The Politics of Place

It’s not new for cities to vote Democratic, but why was Biden’s metropolitan advantage so overwhelming?

The economic divergence between metros and rural America continued throughout Trump’s presidency, at least prior to the pandemic. Maybe now technology really will allow Americans (or at least office workers) to work from anywhere, but over the past decade they’ve clustered heavily in tech centers. “The pull of cities is so strong because of the concentration of the economy in cities,” says Wilkinson, the Niskanen Center vice president.

But overall migration has slowed considerably in recent years. Not everyone is packing up to seek their fortune in places like Seattle and Austin. 

People who are willing to pick up stakes have a greater openness to experience, Wilkinson says, meaning they’re intrinsically more willing to pursue higher education. They also tend to be less ethnocentric. “You get all the white liberals moving to the city for reasons of personality and education,” he says.

Educational attainment has emerged as one of the key divides in American politics. Trump dominated white male voters without college degrees, according to exit polls, while Biden took 55 percent of the vote among college educated voters in total. 

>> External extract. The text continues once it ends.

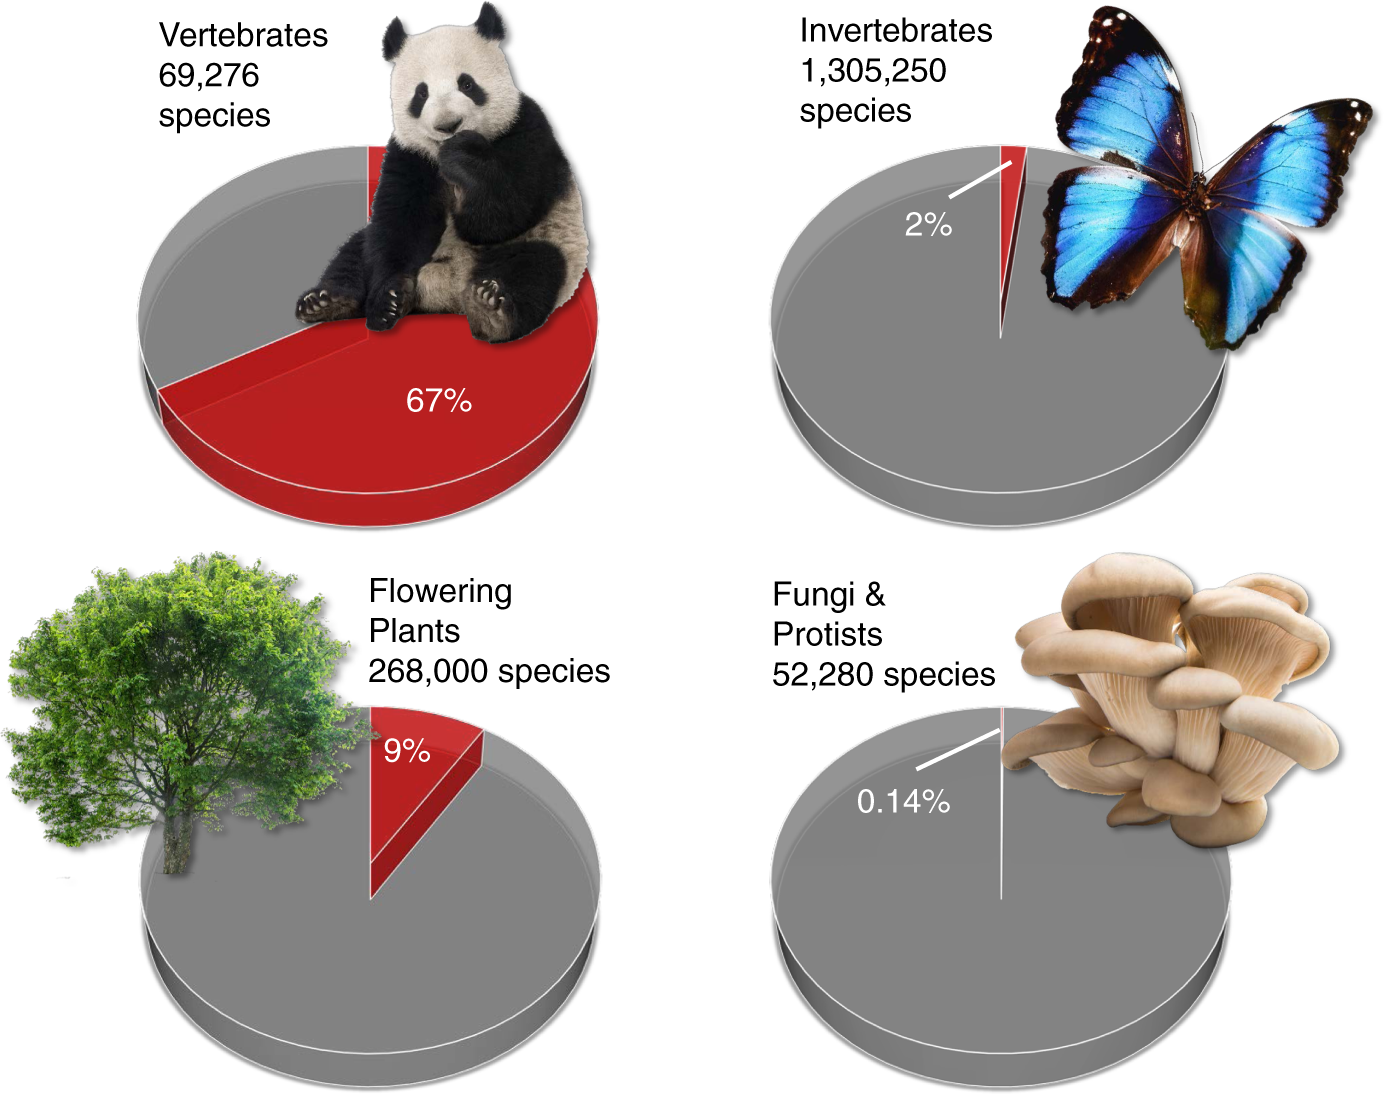 Recognizing the quiet extinction of invertebrates | Nature Communications

“I certainly worry about the idea that you have such a significant chunk of the country that feels disconnected from the national growth story,” says the Economic Innovation Group’s Lettieri.

Where Does This Leave Us?

The two parties at this point represent people of separate and distinct ideologies, economic and educational backgrounds, cultural and religious values, attitudes toward science and higher education, and ideas about gender, race and identity. Given all this, maybe it’s not surprising that American politics have become polarized and toxic.

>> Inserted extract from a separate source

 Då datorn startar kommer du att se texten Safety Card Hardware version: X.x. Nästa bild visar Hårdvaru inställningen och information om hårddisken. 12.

Then there’s the political structure itself. America’s plurality voting system means there’s no real chance for a competitive third-party to emerge, no matter how many voters feel politically homeless as the two parties appear to grow more extreme. In any election, the worst outcome is not that the candidate you favor might lose, but that the one you hate could win. 

Politicians play up such fears, known as negative partisanship. Only one side can win. The fact that the other side might well plot a quick comeback and win power in the next election only accelerates this dynamic. 

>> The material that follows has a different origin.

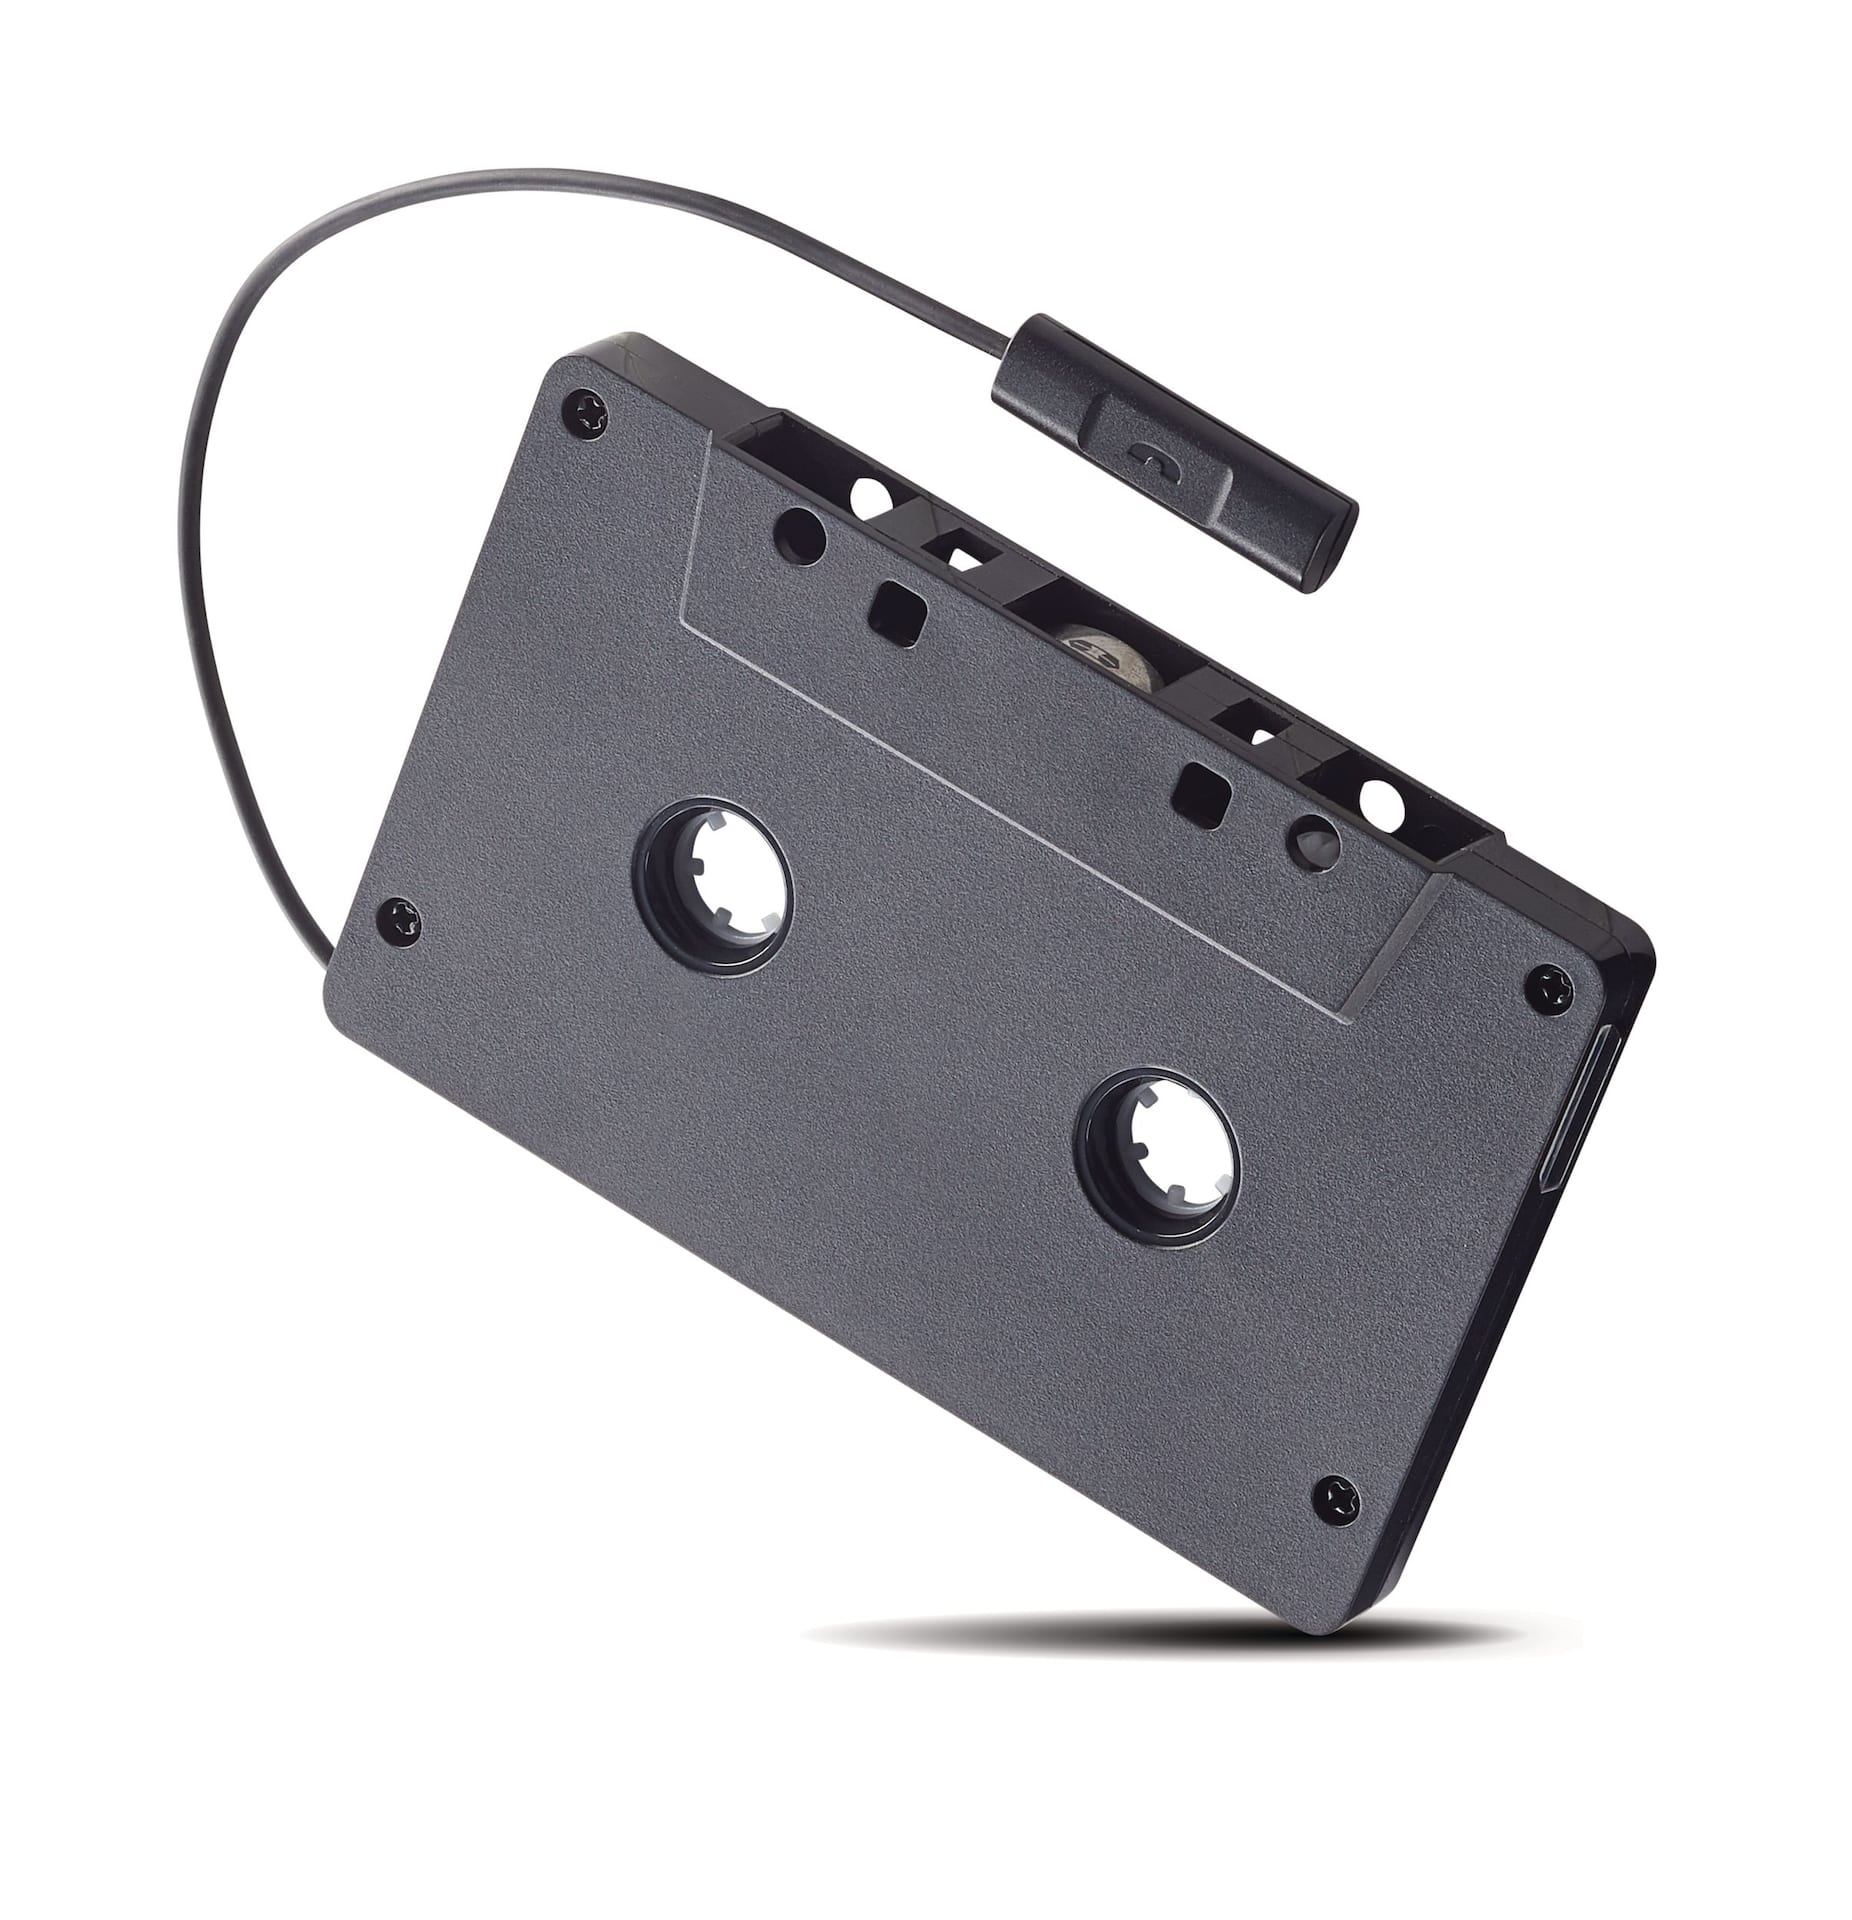 Adaptateur auxiliaire pour cassette audio pour l'auto de Bluehive

Trump became the first one-term president since 1992, but neither party has been able to win a third presidential term since 1988. Control of the House, so long solidly Democratic, now shifts fairly regularly – three times since 2006, with Republicans looking to have a very good chance of erasing the Democrats’ slim majority in 2022. Most people, meanwhile, vote along strict party lines, with the small share of persuadable voters in each election essentially determining the outcome.

This gives national politicians little incentive to cooperate with the other side. Compromise is seen as consorting with the enemy. Better to block the current majority as best you can, while waiting for power to return your way. Polarization has become almost the default mode.

The story is entirely different at the state level, where majorities are mostly dug in. In 2020, only one legislative chamber changed hands, the lowest number in decades. But that, too, is part of the story of competition between red and blue America.

Americans are separated by race, place and platform. Lines are drawn between them by politicians and people’s media diets, with partisans convinced that the other side is the enemy.

More than a century ago, Henry Adams defined politics as "the systematic organization of hatreds." That's no less true today.

“There are no cross-cutting issues, places or policies,” Bill Bishop says. “So there is always conflict. And the ‘other’ is always clearly identifiable.”